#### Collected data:

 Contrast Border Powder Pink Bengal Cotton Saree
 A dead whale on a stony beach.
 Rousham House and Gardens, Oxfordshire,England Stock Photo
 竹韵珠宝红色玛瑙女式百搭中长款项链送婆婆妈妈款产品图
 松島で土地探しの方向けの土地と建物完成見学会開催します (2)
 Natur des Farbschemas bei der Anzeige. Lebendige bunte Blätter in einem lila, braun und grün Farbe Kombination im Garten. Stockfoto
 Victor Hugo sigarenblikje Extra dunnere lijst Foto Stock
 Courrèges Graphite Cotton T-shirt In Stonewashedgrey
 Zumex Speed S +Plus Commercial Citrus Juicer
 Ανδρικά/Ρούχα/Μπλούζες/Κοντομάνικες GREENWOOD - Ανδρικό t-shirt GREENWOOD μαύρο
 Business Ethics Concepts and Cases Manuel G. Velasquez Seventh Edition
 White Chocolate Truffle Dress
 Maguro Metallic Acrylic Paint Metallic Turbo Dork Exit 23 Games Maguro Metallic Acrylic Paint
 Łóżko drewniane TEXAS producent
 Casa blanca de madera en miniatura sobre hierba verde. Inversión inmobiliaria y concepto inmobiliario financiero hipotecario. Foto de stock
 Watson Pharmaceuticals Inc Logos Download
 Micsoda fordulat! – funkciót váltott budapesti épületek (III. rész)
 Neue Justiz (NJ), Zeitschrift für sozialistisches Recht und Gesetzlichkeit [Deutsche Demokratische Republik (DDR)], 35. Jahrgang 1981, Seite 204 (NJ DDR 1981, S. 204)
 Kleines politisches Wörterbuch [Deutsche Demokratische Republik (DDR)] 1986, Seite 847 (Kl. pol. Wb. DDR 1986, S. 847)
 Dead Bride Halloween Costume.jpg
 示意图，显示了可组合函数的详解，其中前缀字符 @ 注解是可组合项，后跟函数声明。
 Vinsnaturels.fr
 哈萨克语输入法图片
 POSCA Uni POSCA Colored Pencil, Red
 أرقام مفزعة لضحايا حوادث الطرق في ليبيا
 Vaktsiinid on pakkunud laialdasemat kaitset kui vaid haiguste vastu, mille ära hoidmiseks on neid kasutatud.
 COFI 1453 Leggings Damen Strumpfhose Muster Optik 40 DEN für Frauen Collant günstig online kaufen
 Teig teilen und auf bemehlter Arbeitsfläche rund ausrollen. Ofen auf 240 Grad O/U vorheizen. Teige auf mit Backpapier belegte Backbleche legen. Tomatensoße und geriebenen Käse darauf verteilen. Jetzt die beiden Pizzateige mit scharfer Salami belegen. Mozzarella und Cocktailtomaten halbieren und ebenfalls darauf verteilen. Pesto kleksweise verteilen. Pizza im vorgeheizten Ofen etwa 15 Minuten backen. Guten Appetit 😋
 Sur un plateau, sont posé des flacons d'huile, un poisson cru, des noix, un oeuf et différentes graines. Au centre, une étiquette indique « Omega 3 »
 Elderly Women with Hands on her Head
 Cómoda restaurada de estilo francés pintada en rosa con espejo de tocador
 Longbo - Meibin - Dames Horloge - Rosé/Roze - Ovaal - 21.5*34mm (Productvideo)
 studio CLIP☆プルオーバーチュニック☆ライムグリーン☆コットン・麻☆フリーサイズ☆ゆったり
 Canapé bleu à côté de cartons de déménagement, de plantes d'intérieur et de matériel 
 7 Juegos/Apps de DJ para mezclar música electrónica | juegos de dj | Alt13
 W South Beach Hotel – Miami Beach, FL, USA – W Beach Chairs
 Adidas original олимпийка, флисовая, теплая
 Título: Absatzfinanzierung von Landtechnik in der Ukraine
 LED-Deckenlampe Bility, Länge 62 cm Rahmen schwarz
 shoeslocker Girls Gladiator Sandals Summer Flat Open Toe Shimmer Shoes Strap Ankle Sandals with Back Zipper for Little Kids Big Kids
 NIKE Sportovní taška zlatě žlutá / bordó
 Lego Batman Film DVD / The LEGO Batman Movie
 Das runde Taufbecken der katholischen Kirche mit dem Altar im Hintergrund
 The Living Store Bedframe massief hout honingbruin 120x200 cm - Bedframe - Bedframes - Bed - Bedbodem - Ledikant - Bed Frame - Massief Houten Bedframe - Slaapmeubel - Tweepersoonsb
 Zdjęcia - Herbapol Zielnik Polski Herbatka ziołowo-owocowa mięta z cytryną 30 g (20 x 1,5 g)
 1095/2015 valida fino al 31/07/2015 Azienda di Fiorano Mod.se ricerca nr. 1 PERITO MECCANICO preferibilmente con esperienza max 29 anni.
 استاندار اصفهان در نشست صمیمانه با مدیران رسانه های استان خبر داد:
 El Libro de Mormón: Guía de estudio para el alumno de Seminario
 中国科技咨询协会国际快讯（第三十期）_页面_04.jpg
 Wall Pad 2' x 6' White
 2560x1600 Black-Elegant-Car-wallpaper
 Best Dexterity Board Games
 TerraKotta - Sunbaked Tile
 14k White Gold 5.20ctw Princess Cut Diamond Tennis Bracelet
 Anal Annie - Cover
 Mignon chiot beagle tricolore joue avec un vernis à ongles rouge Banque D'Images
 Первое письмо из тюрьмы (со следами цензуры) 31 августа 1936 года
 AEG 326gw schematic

#### Your instructions:
If a line in the records above has the word "with", copy it out.

#### Task solution:
 Elderly Women with Hands on her Head
 shoeslocker Girls Gladiator Sandals Summer Flat Open Toe Shimmer Shoes Strap Ankle Sandals with Back Zipper for Little Kids Big Kids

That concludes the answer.